Таким глупцом Бард в жизни себя не чувствовал. Куда ему было до словесных уловок эльфов, даже таких грубых? Понадеялся на чужую порядочность, развесил уши — и теперь оставалось только клясть себя почем зря. Все мысли занимала смутная опасность, исходившая от Смауга, который мог вернуться в любое время. Последние сомнения отступили, стоило услышать про полчища орков Дол-Гулдура на марше к Одинокой горе, способные разом смести и Эсгарот, и жалкие руины Дейла. Впрочем, Бард до сих пор не считал, что Леголас соврал ему про вражескую армию. Скорее, не стал посвещать во все свои планы. Лесные эльфы действительно могли оказаться здесь, в Пустоши, чтобы отстоять Эребор. Вот только чего Лихолесье ждало от Торина и его гномов? Помощи, союза или же отмщения за гибель своего короля?
— Ты прав, Торин Дубощит, — ледяным тоном заговорил Леголас, выступая вперед. В полной тишине — даже птицы больше не пели — слышно было, как копыта стучат о камни моста. — Мне не хуже твоего известно, кто повинен в случившемся. Но сегодня не время говорить о Владыке, да и я не надел короны. В Эребор вернулись истинные хозяева, однако надолго ли?
— Как он смеет!.. — донеслось до них чье-то яростное восклицание.
— Не лесные эльфы и не люди сейчас ваши враги, Торин Дубощит, — Леголас и бровью не повел. — К Одинокой горе подходит огромное воинство орков, и командует ими Азог Осквернитель. Он и его твари будут здесь уже завтра. Никакие врата его не остановят, не то что твой небольшой отряд. Лихолесье вновь великодушно предлагает тебе свою помощь. Люди согласны заключить союз. Тебе решать, Король под Горой.
Он выше вскинул подбородок, ожидая ответа, но ни слова не донеслось со стороны гномьих врат. Никто не спешил соглашаться или отказываться. Даже насторженных шепотков или пламенных возмущений не было слышно. Над Пустошью Смауга вновь висело тяжелое молчание.
— Я вернусь с рассветом, — вновь подал голос Леголас, и на этот раз в его тоне явно читался плохо сдерживаемый гнев. — Надеюсь, хотя бы теперь у гномов хватит смелости прямо объявить о своем решении.
Лихо развернув коня, Леголас направился в сторону Дейла.
Бард покачал головой.
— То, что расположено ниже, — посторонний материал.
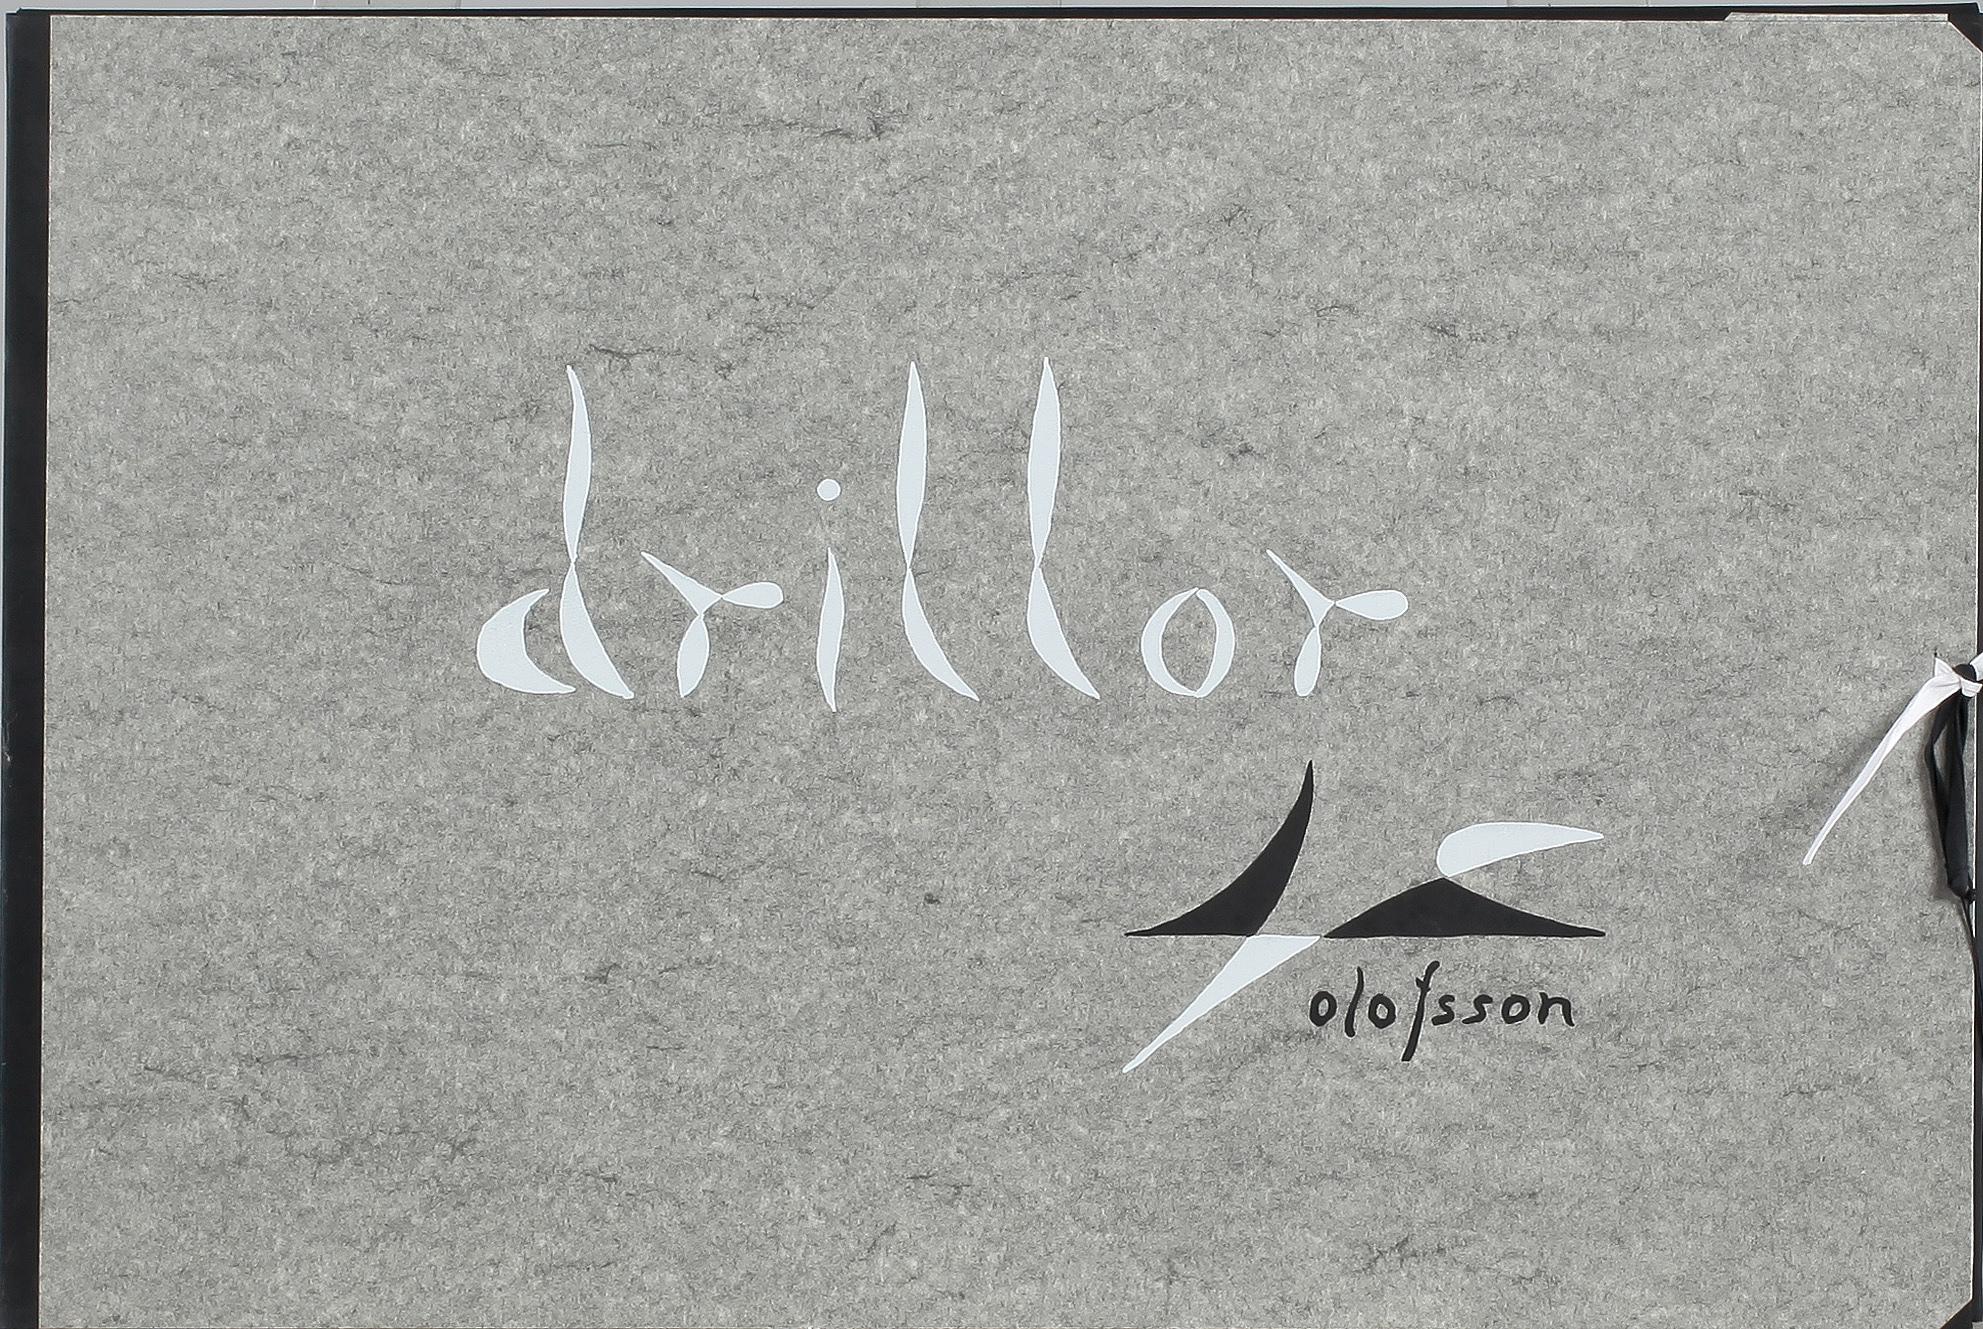 Pierre Olofsson, Drillor, mapp med 4 serigrafier

Ждать рассвета — затея дурная. Гномы подозрительны, и за ночь выдумают такие обвинения, которые по-настоящему воплотить разве что лично Врагу под силу. Требовать от гномов и эльфов усмирить гордыню, отринуть тысячелетние склоки между их народами, — затея такая же провальная. Одно неосторожное слово, и в Эреборе удила закусят: там уже добрые намерения встречают стрелами, даже не пытаясь выслушать. Нет, здесь и сейчас эльф с гномом не договорится. Слишком много за плечами напоминаний о былом. А вот у человека, может, что и получится. В конце концов, у людей, покинувших дома из-за Смауга, появилось что-то общее с гномами Эребора.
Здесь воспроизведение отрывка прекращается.